Nothing in the data should change when you return it, but leave the pictures out.

··· Data below ···

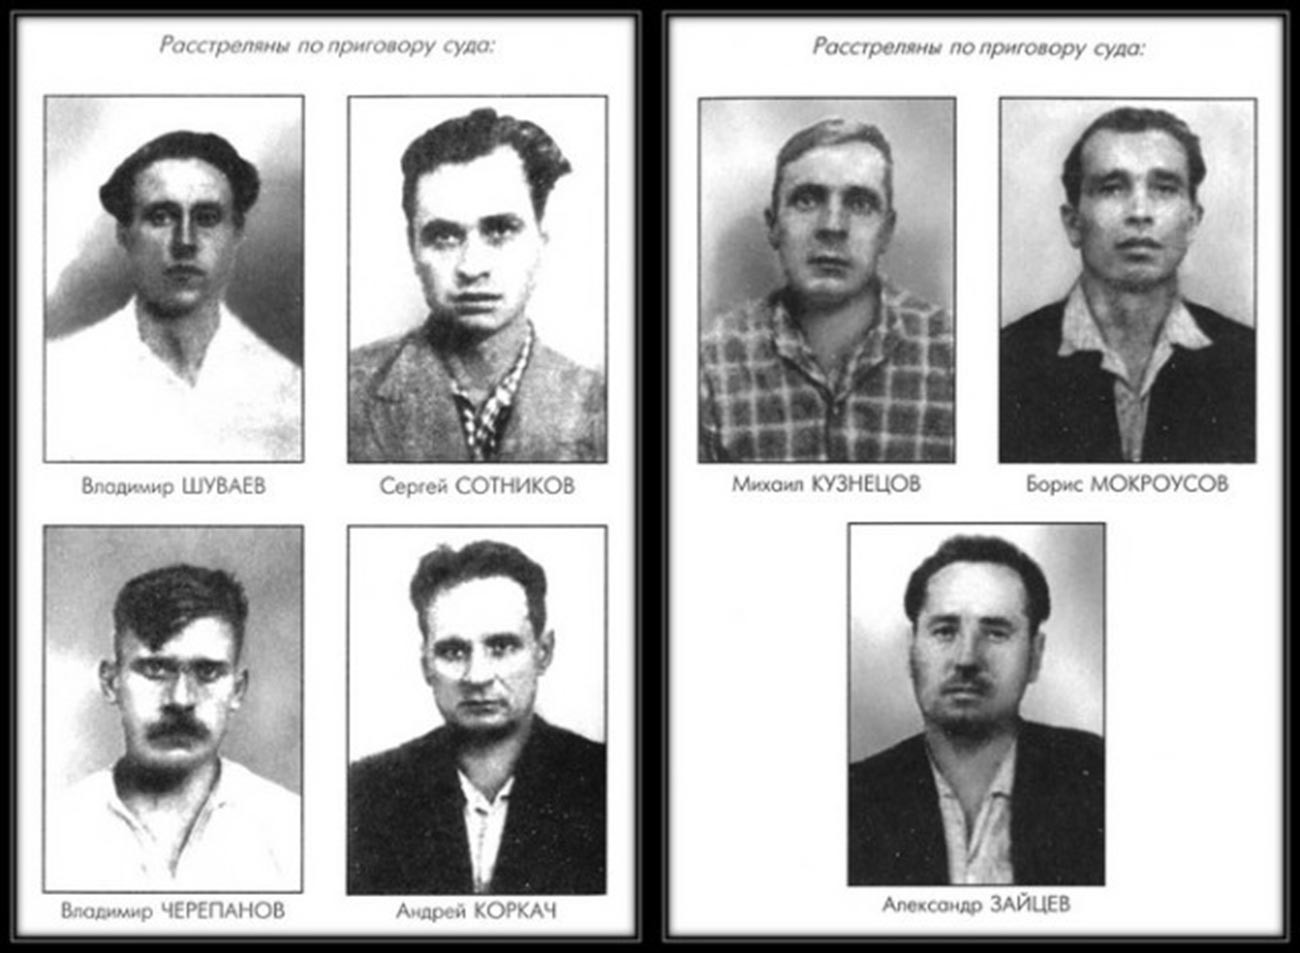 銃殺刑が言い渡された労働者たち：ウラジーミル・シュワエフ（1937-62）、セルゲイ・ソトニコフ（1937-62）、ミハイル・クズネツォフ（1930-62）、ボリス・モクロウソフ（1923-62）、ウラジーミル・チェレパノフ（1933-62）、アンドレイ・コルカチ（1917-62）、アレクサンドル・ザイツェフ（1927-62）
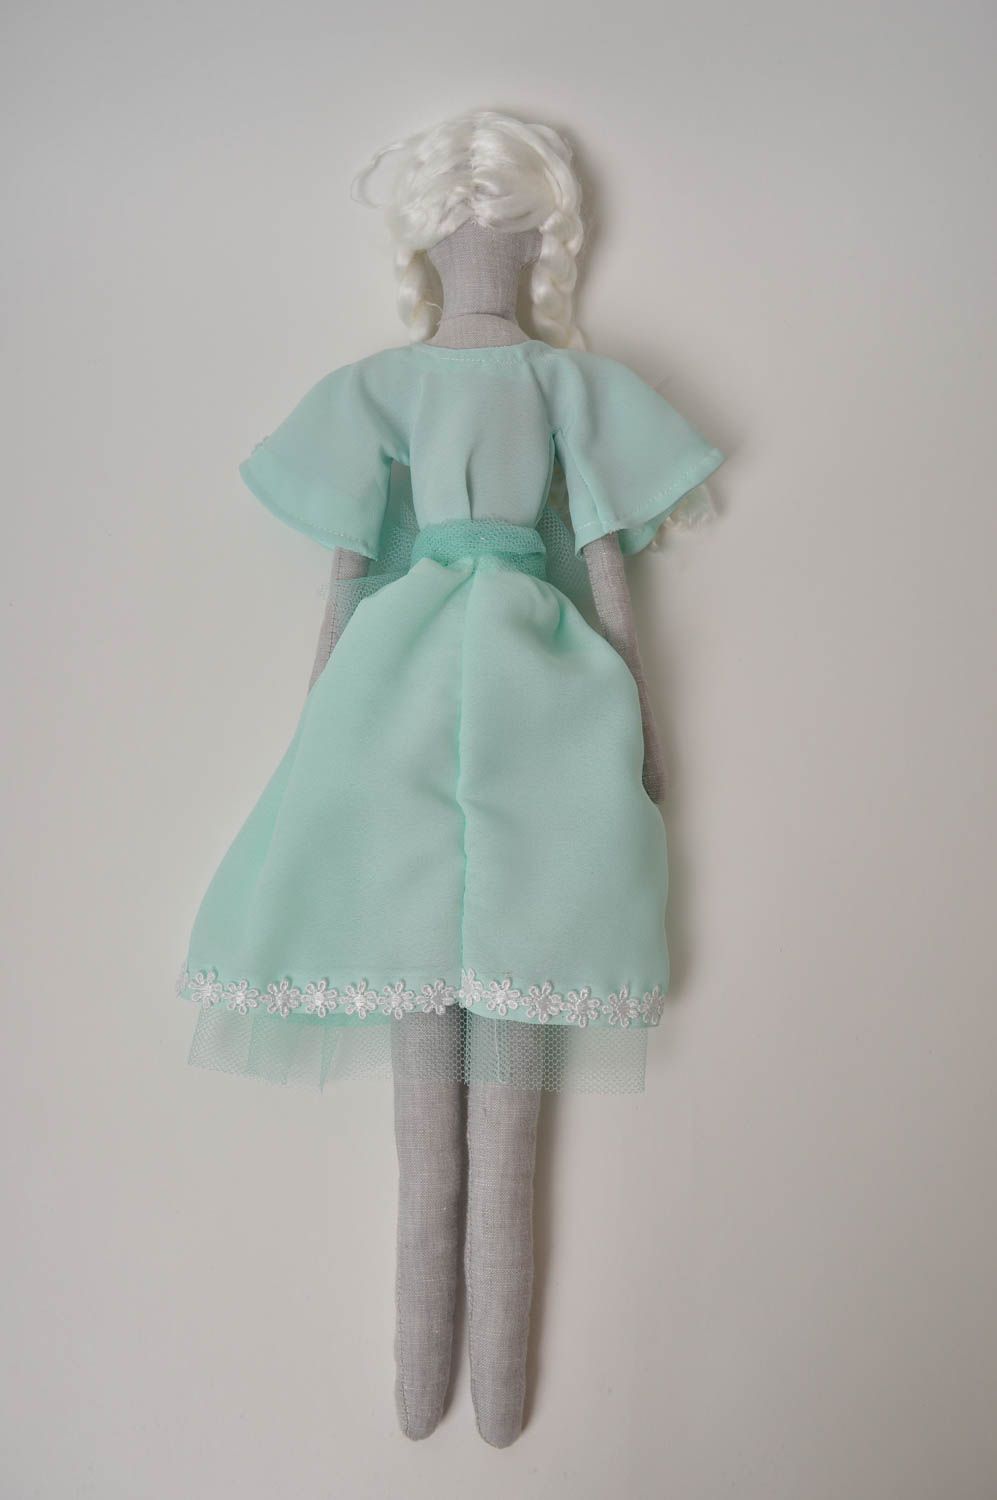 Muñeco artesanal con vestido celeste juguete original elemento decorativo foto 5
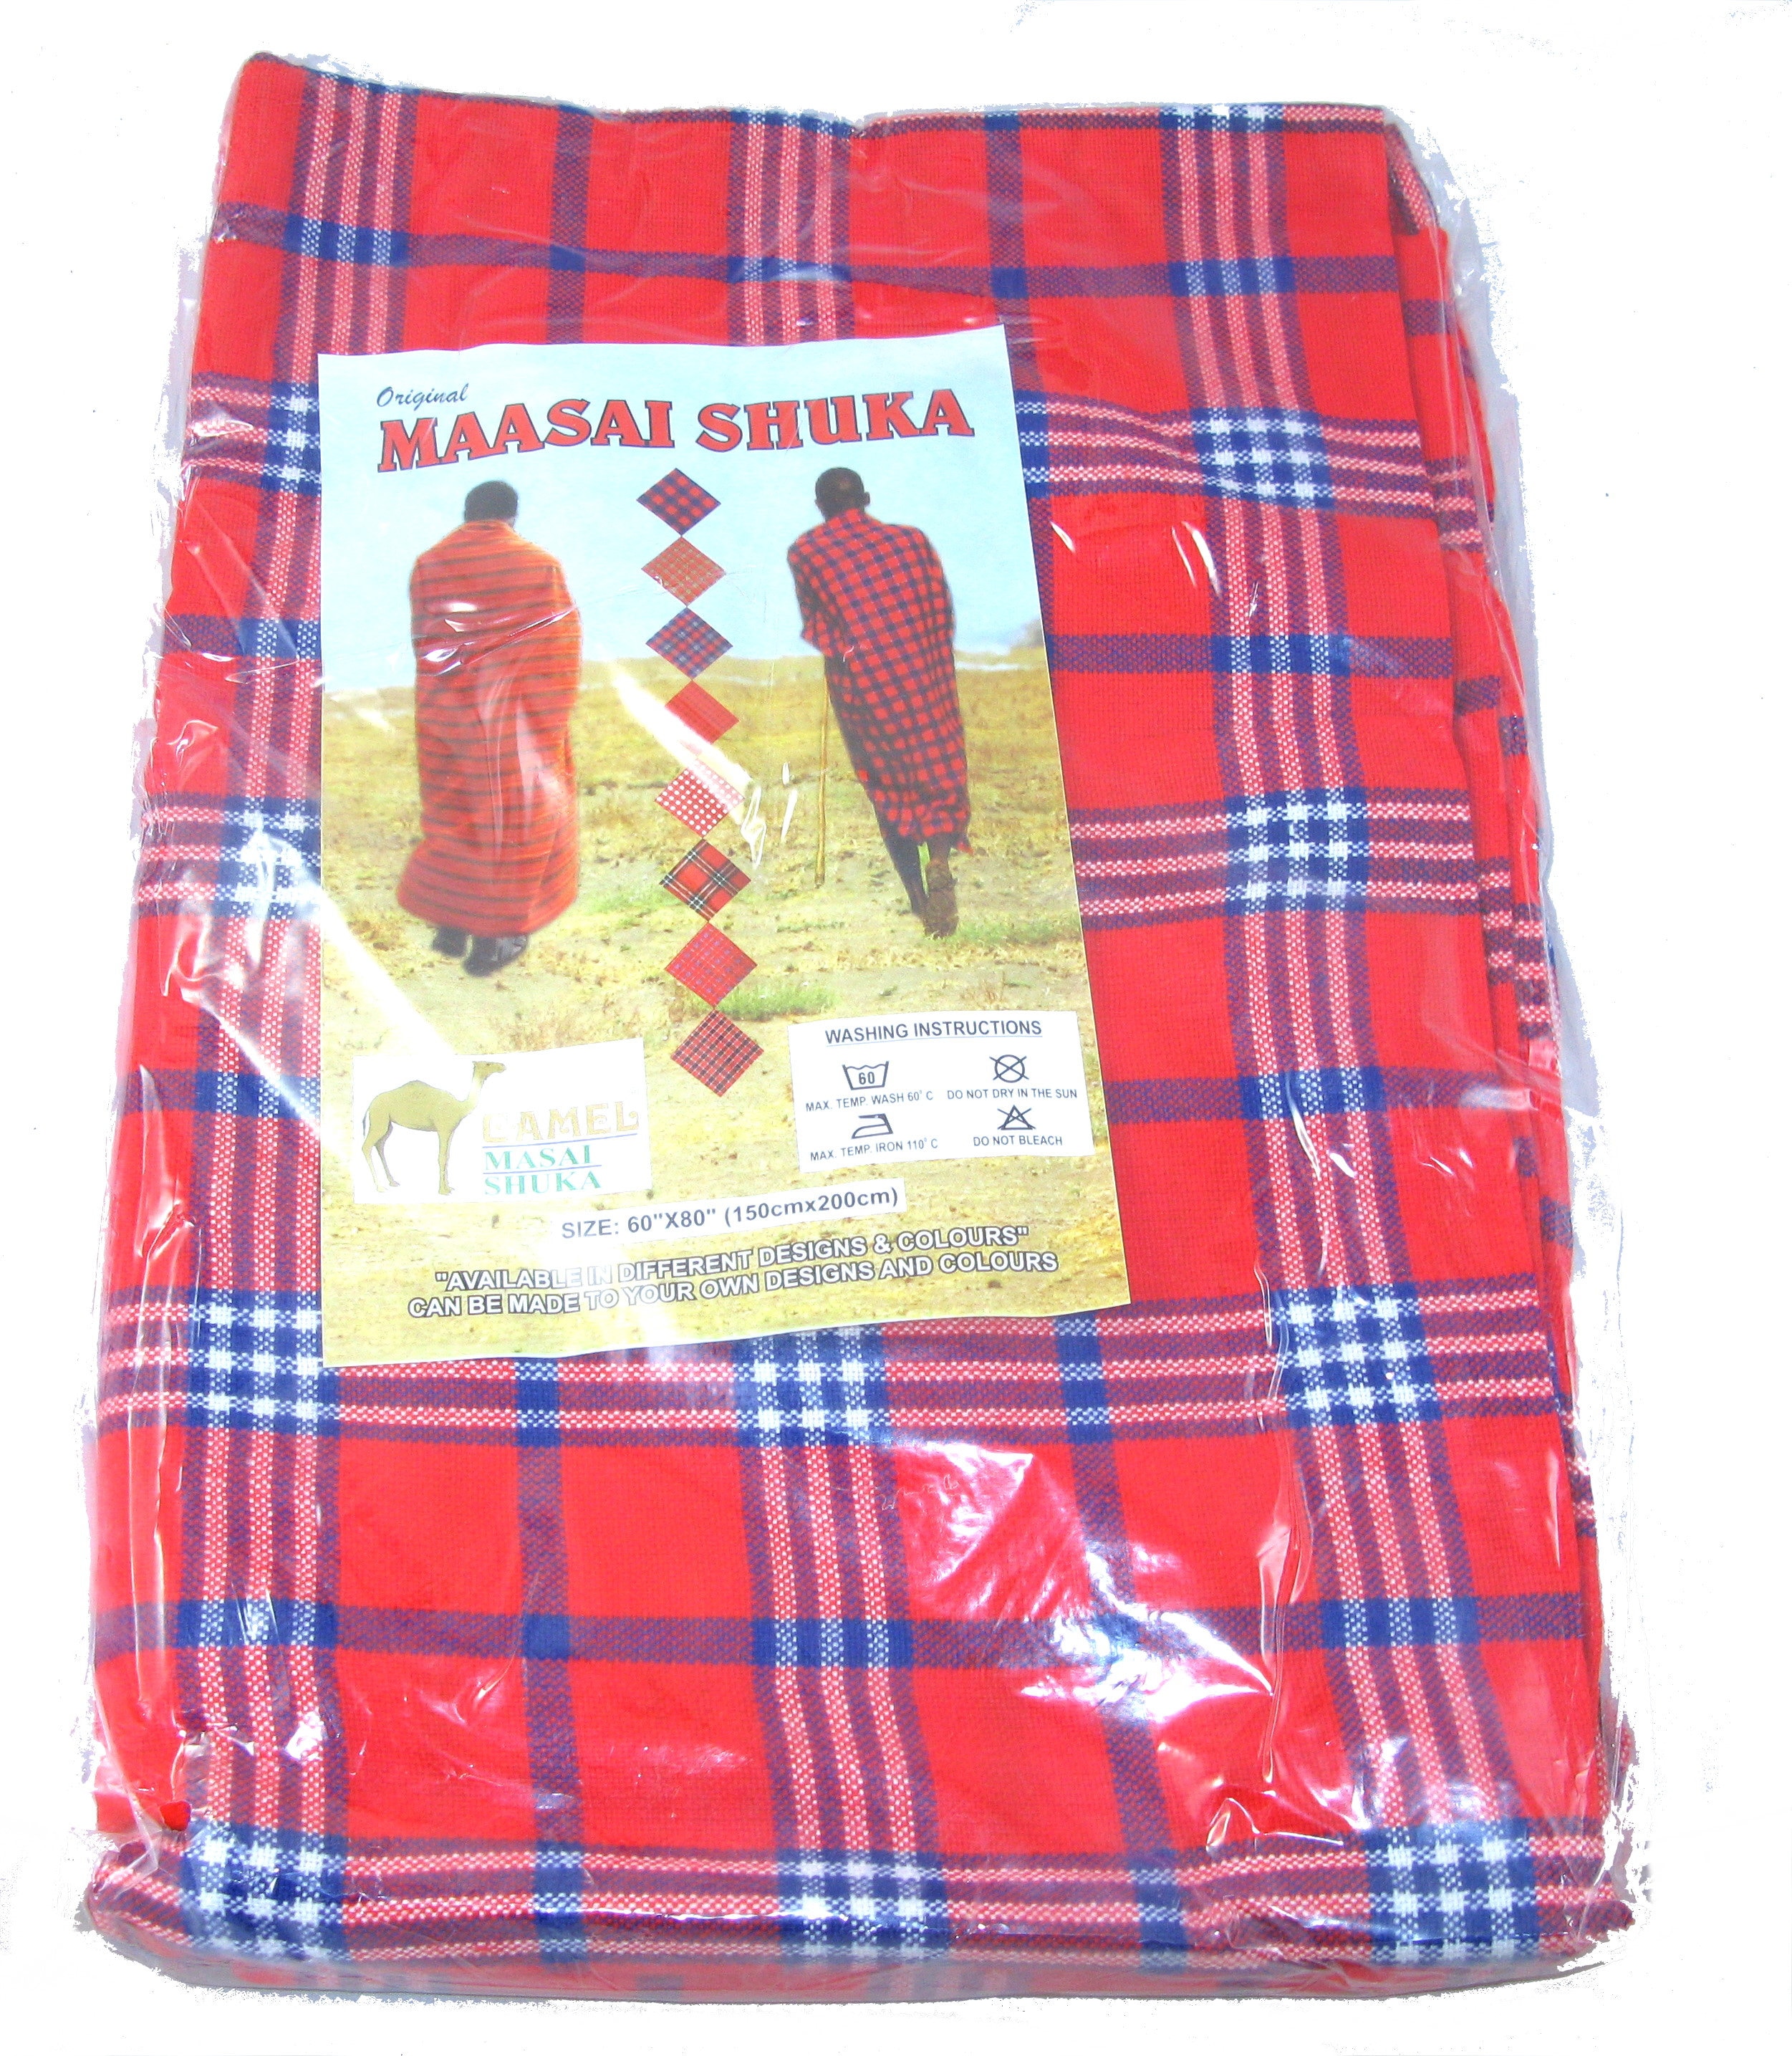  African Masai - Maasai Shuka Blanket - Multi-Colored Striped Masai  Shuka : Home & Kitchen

···

*Reply to the task*.
 銃殺刑が言い渡された労働者たち：ウラジーミル・シュワエフ（1937-62）、セルゲイ・ソトニコフ（1937-62）、ミハイル・クズネツォフ（1930-62）、ボリス・モクロウソフ（1923-62）、ウラジーミル・チェレパノフ（1933-62）、アンドレイ・コルカチ（1917-62）、アレクサンドル・ザイツェフ（1927-62）
 Muñeco artesanal con vestido celeste juguete original elemento decorativo foto 5
  African Masai - Maasai Shuka Blanket - Multi-Colored Striped Masai  Shuka : Home & Kitchen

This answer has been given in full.